The ICC for intra-observer reproducibility was 0.984 (95% confidence interval [CI], 0.950–0.994) for entropy; 0.708 (95% CI, 0.280–0.883) for skewness; and 0.370 (95% CI, − 0.541–0.747) for kurtosis. The ICC for inter-observer reproducibility was 0.984 (95% CI, 0.928–0.995) for entropy; 0.810 (95% CI, 0.513–0.925) for skewness; and 0.189 (95% CI, −0.898–0.669) for kurtosis.

Discussion

The results of our study suggest that there was a significant difference in entropy according to age in infants. There was a positive relationship between PMA and entropy and a negative relationship between PMA and skewness. The diagnostic accuracy of SWI skewness was significant for differentiating ischemic injured patients. Thus, we believe that the skewness value from SWI can be used to differentiate infants with ischemic injury. Assessing the texture features of DMVs might be of clinical benefit, as they are relevant and quantifiable parameters of ischemic injuries. In addition, the texture features of the DMV could potentially reflect developmental changes. As the convergence pattern of DMVs is related to crossing nerve fiber tracts [21, 22], the texture features of DMVs might reveal an aspect of WM maturation.

In the cerebral venous system, the DMVs drain blood from the WM to the subependymal veins and has a typical fan pattern [23, 24]. This pattern is due to the anatomical distribution of the veins, which connects the subcortical WM to the ventricular surface. In infants, venous congestion occurs easily due to converging zones of veins. The linear WM lesions in preterm and full-term infants correlate with the distribution of DMVs [7, 25]. Thus, preterm and full-term infant encephalopathy is interpreted as a congestion or thrombosis of DMV.
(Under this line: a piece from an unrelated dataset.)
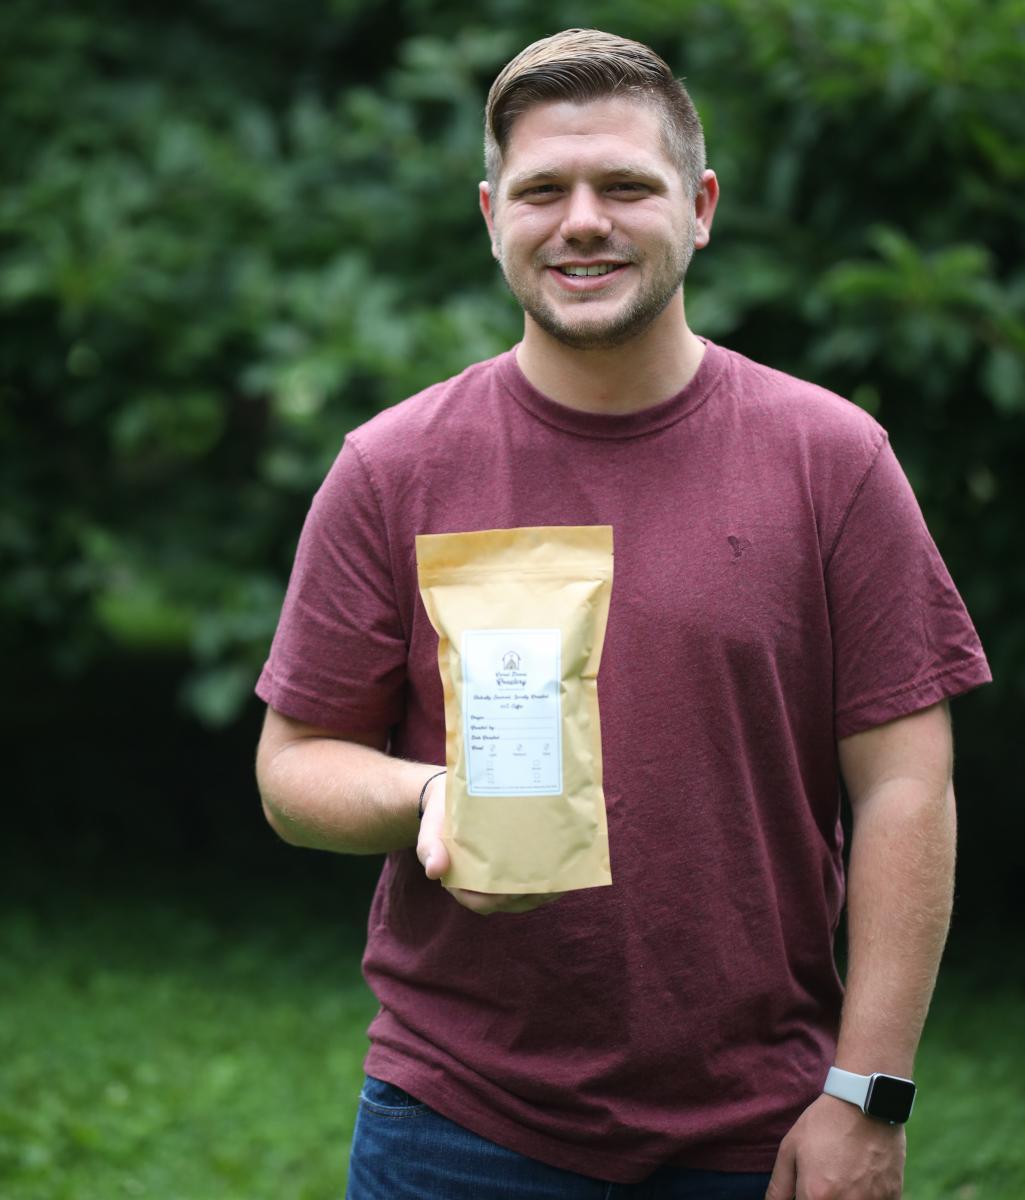 Kameron holding a bag of coffee.

Compared with conventional MRI sequences, SWI can better delineate cerebral venous structures in both healthy and pathologic subjects. This is because SWI is sensitive to deoxygenated blood and can show the venous drainage of DMVs as a hypointense linear structure. Cone-beam computed tomography is reported to be another imaging tool that shows fine venous angioarchitecture [26]. However, since infants are vulnerable to radiation, using it just to evaluate DMVs is not thought suitable for the young population. Pathologic venous changes have been studied in children using SWI for conditions such as chronic ischemia [27, 28], developmental venous anomalies, microhemorrhages [29], convulsive disorder, and hypoxic-ischemic injury [30]. In a study on pediatric convulsive disorder, children who underwent SWI after their seizures showed a low cerebral vein signal [31]. This can be explained with venous pCO2 increasing during a seizure event.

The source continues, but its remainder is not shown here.